===== Data for the task

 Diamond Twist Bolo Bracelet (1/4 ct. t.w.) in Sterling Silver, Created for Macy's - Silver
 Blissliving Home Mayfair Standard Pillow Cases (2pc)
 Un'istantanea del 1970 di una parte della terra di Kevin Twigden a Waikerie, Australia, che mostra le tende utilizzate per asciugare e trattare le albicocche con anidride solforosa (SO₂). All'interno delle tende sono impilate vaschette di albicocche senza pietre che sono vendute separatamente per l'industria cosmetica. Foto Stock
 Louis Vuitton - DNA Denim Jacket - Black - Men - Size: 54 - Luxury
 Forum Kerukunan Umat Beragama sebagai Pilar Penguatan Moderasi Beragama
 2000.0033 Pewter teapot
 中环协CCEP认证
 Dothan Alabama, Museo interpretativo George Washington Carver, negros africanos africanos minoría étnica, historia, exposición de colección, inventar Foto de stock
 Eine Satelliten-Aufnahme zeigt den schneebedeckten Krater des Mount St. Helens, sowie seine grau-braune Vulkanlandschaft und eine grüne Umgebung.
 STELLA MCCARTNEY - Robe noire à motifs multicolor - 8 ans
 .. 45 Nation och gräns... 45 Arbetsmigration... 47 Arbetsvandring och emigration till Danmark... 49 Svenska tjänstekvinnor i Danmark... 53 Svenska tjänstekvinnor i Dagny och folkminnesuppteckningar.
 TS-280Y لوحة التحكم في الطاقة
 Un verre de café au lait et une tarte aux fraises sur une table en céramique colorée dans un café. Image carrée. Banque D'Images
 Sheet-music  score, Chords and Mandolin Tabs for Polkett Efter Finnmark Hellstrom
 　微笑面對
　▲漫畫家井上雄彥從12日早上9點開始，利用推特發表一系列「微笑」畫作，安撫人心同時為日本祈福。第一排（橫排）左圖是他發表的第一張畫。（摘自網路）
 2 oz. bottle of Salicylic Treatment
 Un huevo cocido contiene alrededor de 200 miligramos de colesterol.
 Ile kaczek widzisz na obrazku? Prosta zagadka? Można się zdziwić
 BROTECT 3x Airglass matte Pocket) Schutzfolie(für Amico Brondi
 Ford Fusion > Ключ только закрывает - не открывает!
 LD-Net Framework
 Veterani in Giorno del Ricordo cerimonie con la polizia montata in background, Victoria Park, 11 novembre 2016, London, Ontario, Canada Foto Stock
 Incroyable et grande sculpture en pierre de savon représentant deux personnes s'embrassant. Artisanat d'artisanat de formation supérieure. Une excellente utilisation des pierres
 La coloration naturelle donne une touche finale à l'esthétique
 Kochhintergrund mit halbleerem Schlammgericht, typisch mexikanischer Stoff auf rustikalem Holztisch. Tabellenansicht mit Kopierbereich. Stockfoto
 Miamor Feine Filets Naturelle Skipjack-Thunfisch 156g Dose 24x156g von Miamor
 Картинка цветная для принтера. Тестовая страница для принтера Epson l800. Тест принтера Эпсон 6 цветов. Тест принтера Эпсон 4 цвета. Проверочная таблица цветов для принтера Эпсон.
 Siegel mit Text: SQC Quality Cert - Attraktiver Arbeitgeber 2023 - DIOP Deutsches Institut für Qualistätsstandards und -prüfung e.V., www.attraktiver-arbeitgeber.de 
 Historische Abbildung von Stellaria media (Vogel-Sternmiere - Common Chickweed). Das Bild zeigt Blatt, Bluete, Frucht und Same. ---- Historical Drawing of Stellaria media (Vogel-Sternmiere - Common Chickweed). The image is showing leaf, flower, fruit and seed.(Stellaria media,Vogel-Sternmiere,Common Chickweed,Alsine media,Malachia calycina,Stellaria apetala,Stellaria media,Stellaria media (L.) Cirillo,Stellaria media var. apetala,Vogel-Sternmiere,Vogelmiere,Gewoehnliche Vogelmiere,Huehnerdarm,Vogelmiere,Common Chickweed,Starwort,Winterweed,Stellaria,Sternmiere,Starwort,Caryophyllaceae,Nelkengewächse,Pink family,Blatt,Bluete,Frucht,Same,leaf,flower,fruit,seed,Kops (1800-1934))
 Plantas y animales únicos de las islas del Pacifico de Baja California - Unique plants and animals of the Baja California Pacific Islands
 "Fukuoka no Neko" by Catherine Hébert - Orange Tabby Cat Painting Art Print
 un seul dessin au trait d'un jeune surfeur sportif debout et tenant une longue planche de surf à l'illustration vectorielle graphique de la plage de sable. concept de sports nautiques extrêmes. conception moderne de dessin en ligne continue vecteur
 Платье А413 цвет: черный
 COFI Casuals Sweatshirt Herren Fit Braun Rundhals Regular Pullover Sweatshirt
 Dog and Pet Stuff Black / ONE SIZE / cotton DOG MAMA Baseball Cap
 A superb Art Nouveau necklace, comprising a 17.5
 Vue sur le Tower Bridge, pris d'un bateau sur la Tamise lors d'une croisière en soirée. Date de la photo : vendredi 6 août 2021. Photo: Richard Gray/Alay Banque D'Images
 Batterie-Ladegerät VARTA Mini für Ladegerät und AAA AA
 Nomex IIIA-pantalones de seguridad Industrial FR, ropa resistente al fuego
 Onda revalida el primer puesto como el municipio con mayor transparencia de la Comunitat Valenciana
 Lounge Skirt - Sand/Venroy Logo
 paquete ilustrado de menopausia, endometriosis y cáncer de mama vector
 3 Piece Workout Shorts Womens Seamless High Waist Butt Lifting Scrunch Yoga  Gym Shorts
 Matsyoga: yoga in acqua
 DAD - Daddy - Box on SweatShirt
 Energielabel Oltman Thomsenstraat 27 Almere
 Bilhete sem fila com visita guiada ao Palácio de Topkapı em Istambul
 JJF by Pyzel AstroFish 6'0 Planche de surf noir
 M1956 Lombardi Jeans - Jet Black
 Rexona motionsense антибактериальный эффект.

==========

**Aim of the task**
Please give an exact copy of the entries above, from the line with "Dagny och folkminnesuppteckningar." down to the line with "Siegel mit Text: SQC", inclusive, and nothing else.

**Exercise solution**
 .. 45 Nation och gräns... 45 Arbetsmigration... 47 Arbetsvandring och emigration till Danmark... 49 Svenska tjänstekvinnor i Danmark... 53 Svenska tjänstekvinnor i Dagny och folkminnesuppteckningar.
 TS-280Y لوحة التحكم في الطاقة
 Un verre de café au lait et une tarte aux fraises sur une table en céramique colorée dans un café. Image carrée. Banque D'Images
 Sheet-music  score, Chords and Mandolin Tabs for Polkett Efter Finnmark Hellstrom
 　微笑面對
　▲漫畫家井上雄彥從12日早上9點開始，利用推特發表一系列「微笑」畫作，安撫人心同時為日本祈福。第一排（橫排）左圖是他發表的第一張畫。（摘自網路）
 2 oz. bottle of Salicylic Treatment
 Un huevo cocido contiene alrededor de 200 miligramos de colesterol.
 Ile kaczek widzisz na obrazku? Prosta zagadka? Można się zdziwić
 BROTECT 3x Airglass matte Pocket) Schutzfolie(für Amico Brondi
 Ford Fusion > Ключ только закрывает - не открывает!
 LD-Net Framework
 Veterani in Giorno del Ricordo cerimonie con la polizia montata in background, Victoria Park, 11 novembre 2016, London, Ontario, Canada Foto Stock
 Incroyable et grande sculpture en pierre de savon représentant deux personnes s'embrassant. Artisanat d'artisanat de formation supérieure. Une excellente utilisation des pierres
 La coloration naturelle donne une touche finale à l'esthétique
 Kochhintergrund mit halbleerem Schlammgericht, typisch mexikanischer Stoff auf rustikalem Holztisch. Tabellenansicht mit Kopierbereich. Stockfoto
 Miamor Feine Filets Naturelle Skipjack-Thunfisch 156g Dose 24x156g von Miamor
 Картинка цветная для принтера. Тестовая страница для принтера Epson l800. Тест принтера Эпсон 6 цветов. Тест принтера Эпсон 4 цвета. Проверочная таблица цветов для принтера Эпсон.
 Siegel mit Text: SQC Quality Cert - Attraktiver Arbeitgeber 2023 - DIOP Deutsches Institut für Qualistätsstandards und -prüfung e.V., www.attraktiver-arbeitgeber.de 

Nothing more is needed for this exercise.